The full listing, written out exactly and without images, is the expected result.

## Information supplied
========

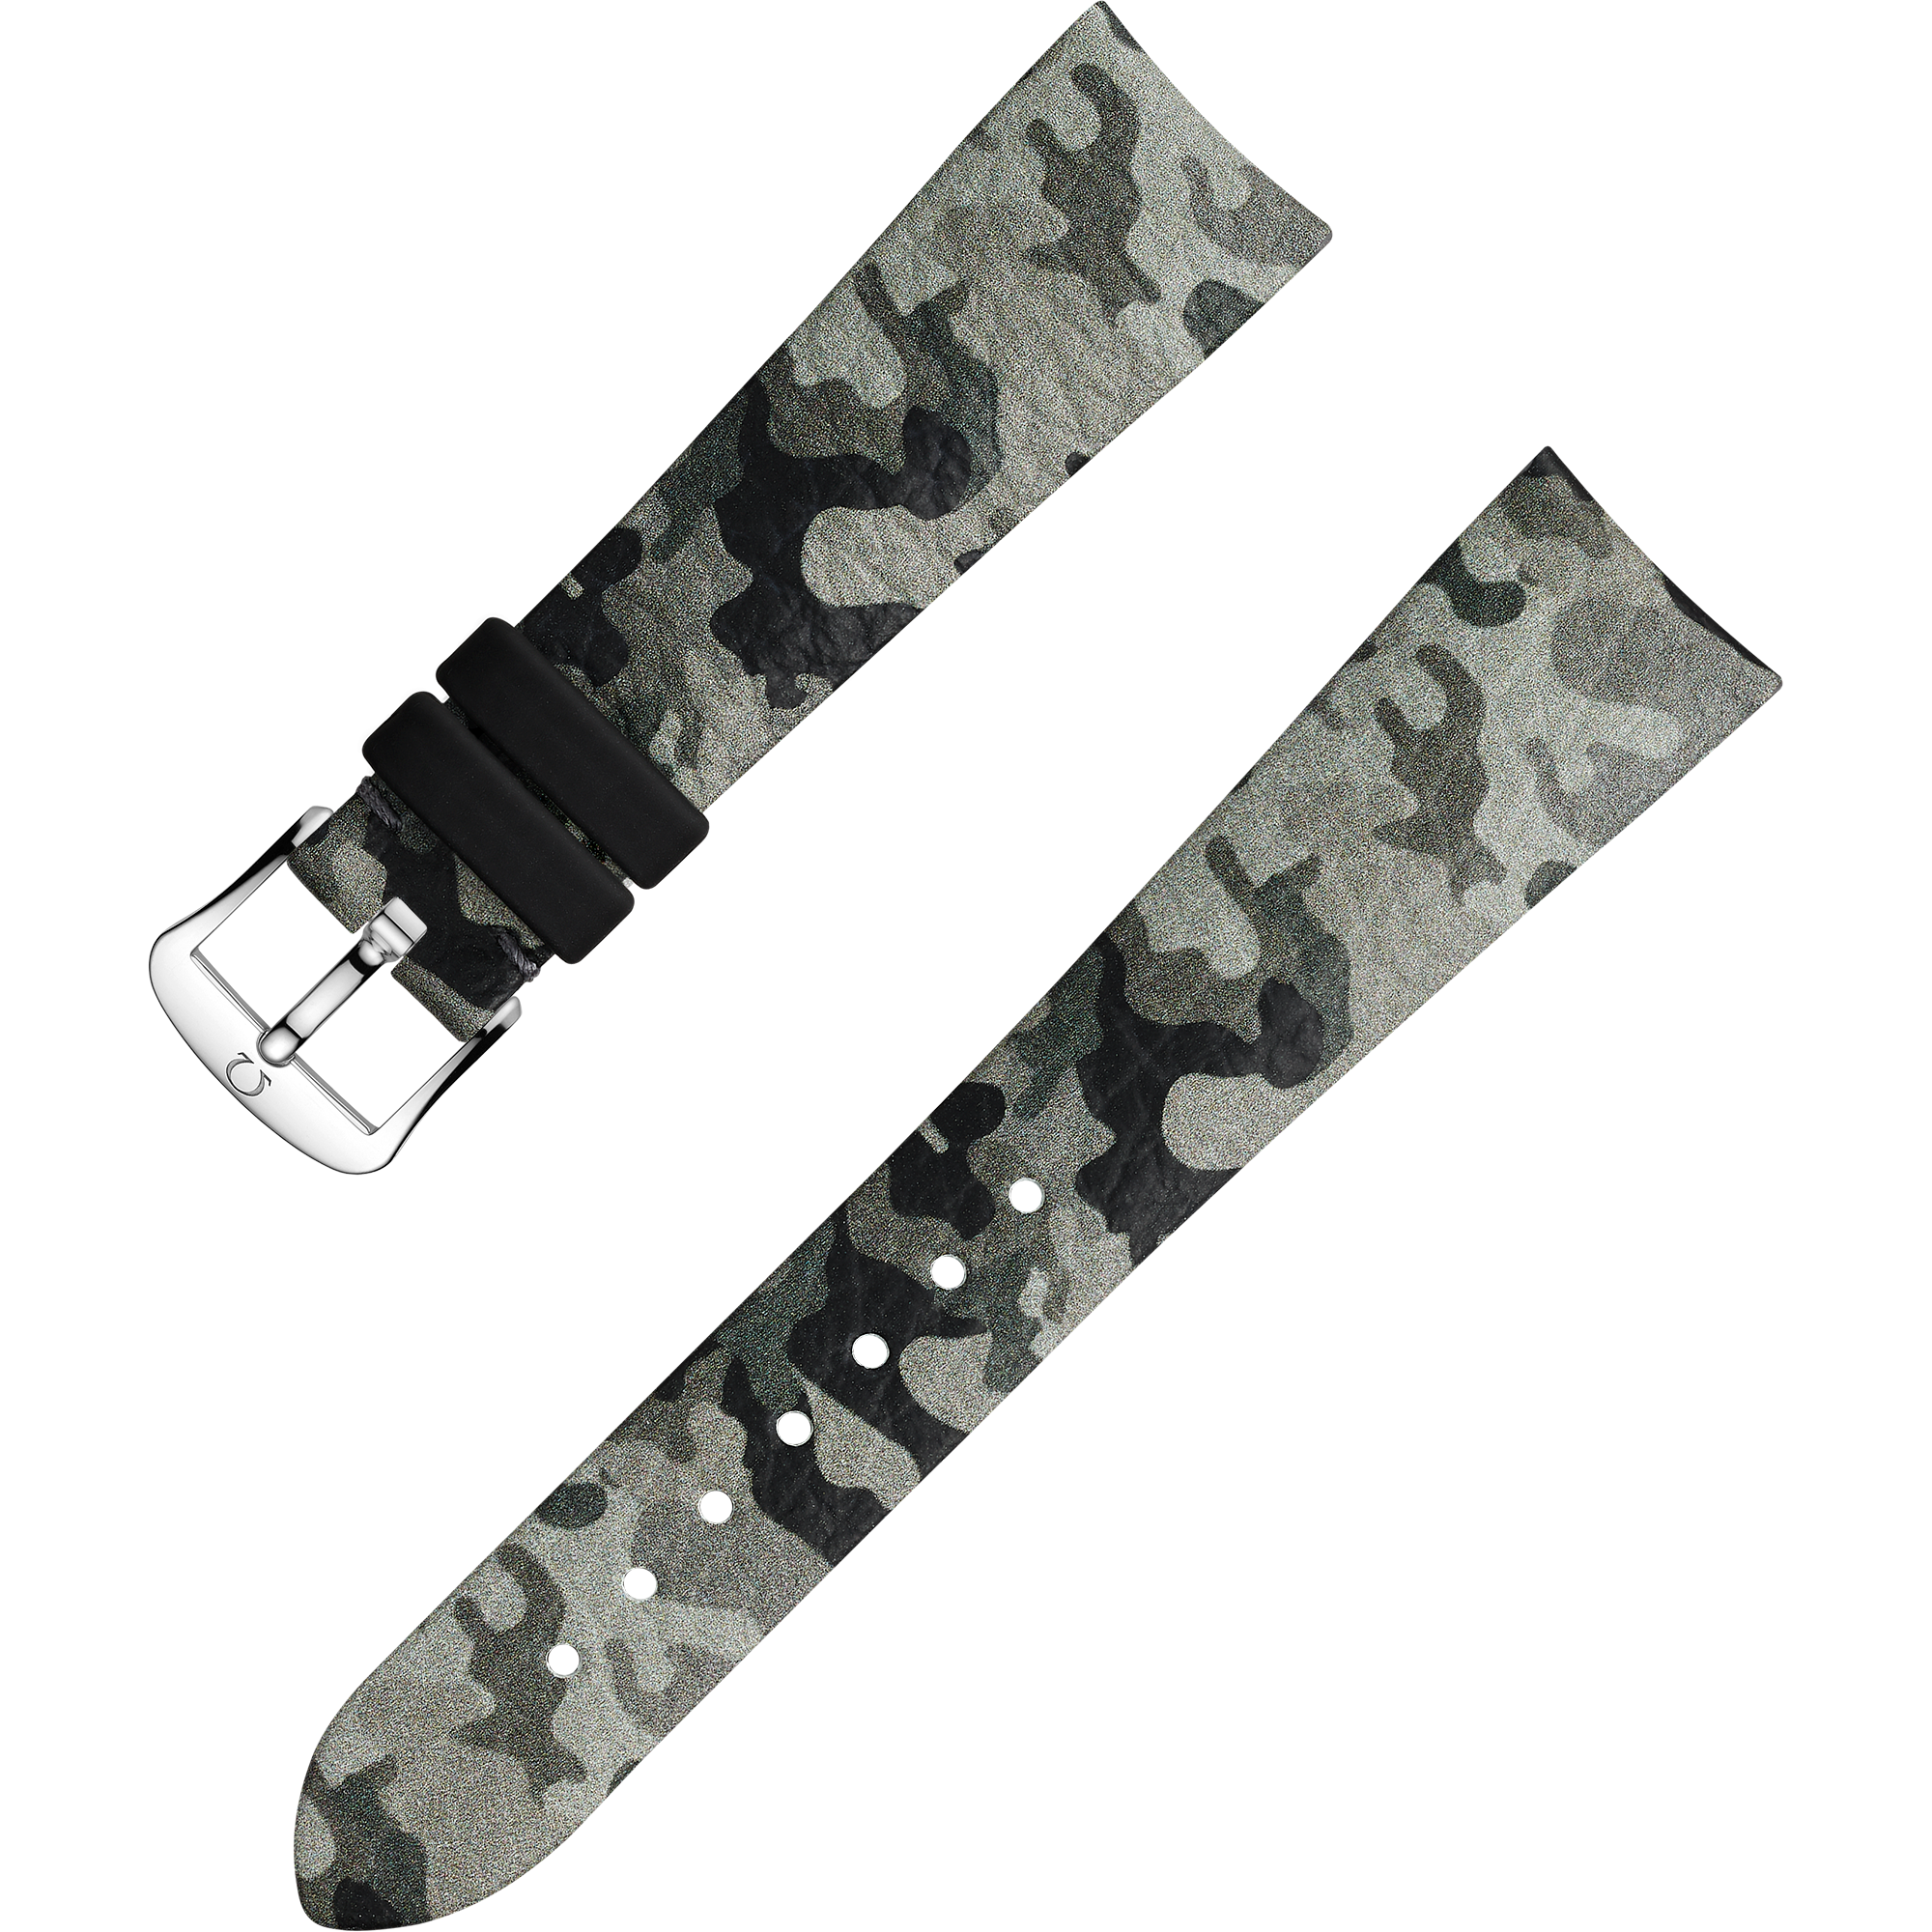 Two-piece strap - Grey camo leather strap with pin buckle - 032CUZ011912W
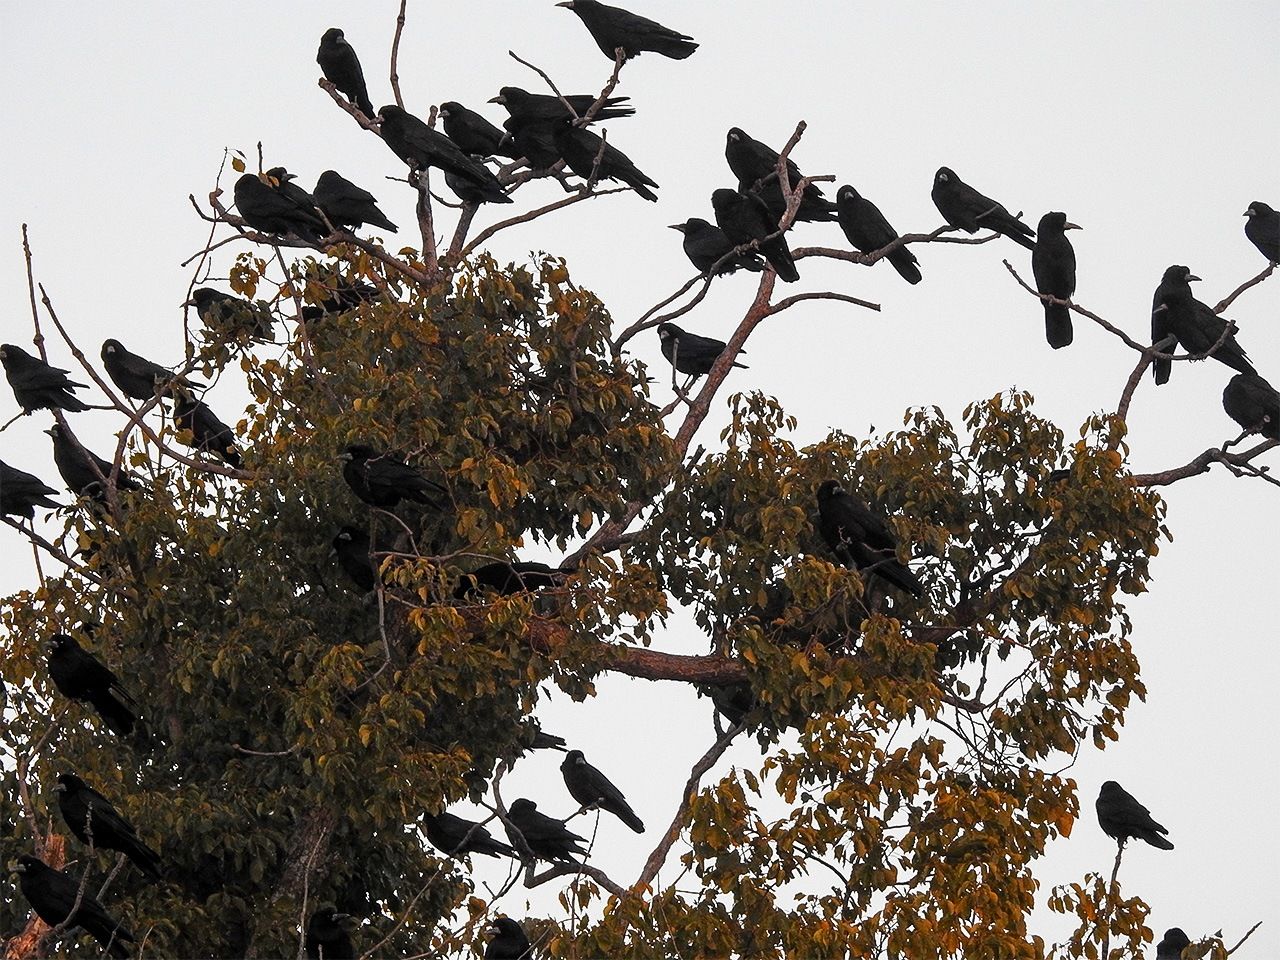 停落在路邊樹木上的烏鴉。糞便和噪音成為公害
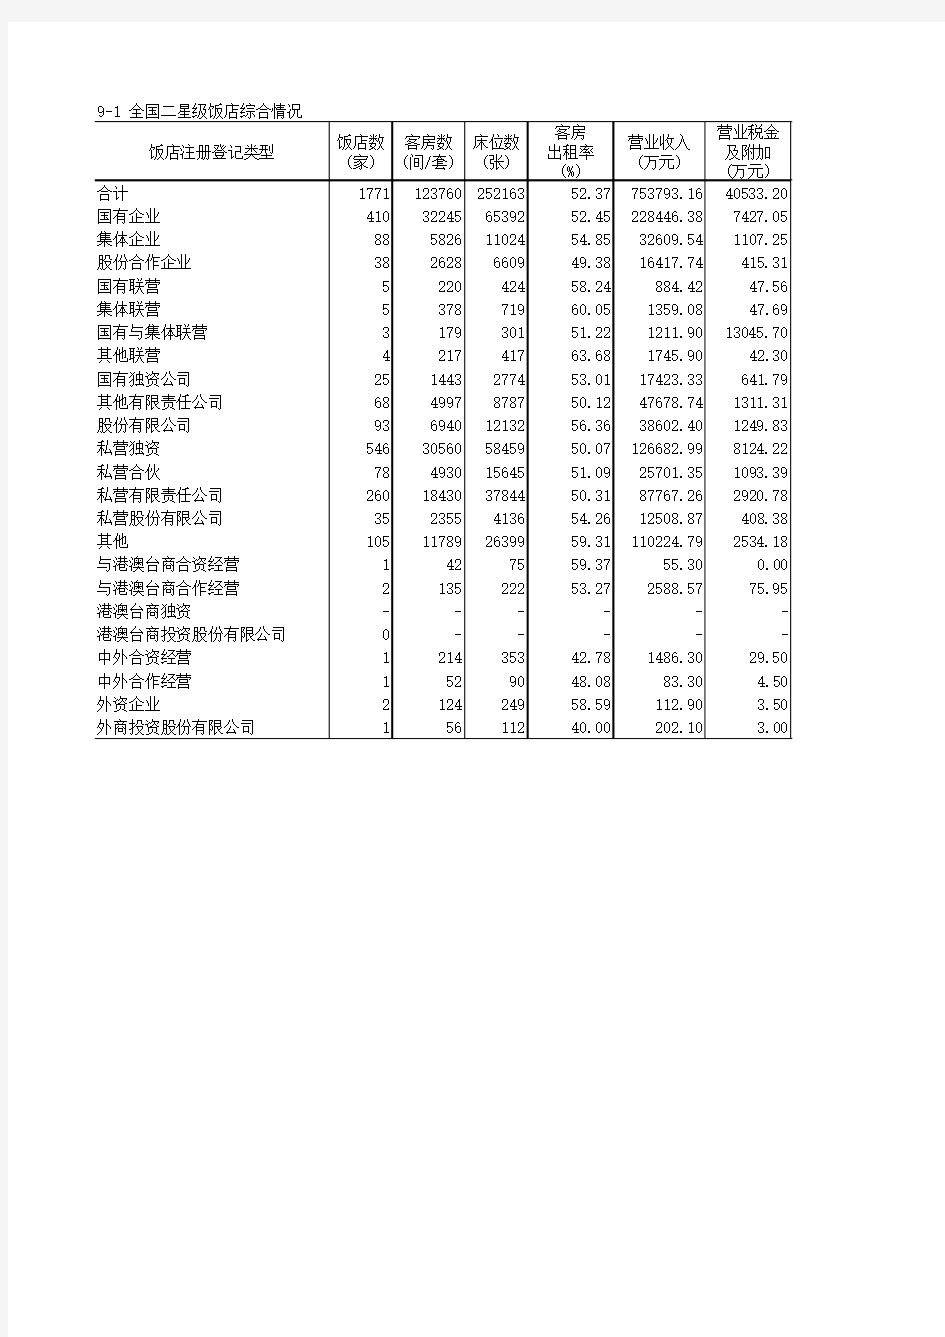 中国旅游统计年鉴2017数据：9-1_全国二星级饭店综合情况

========

## Answer space
 Two-piece strap - Grey camo leather strap with pin buckle - 032CUZ011912W
 停落在路邊樹木上的烏鴉。糞便和噪音成為公害
 中国旅游统计年鉴2017数据：9-1_全国二星级饭店综合情况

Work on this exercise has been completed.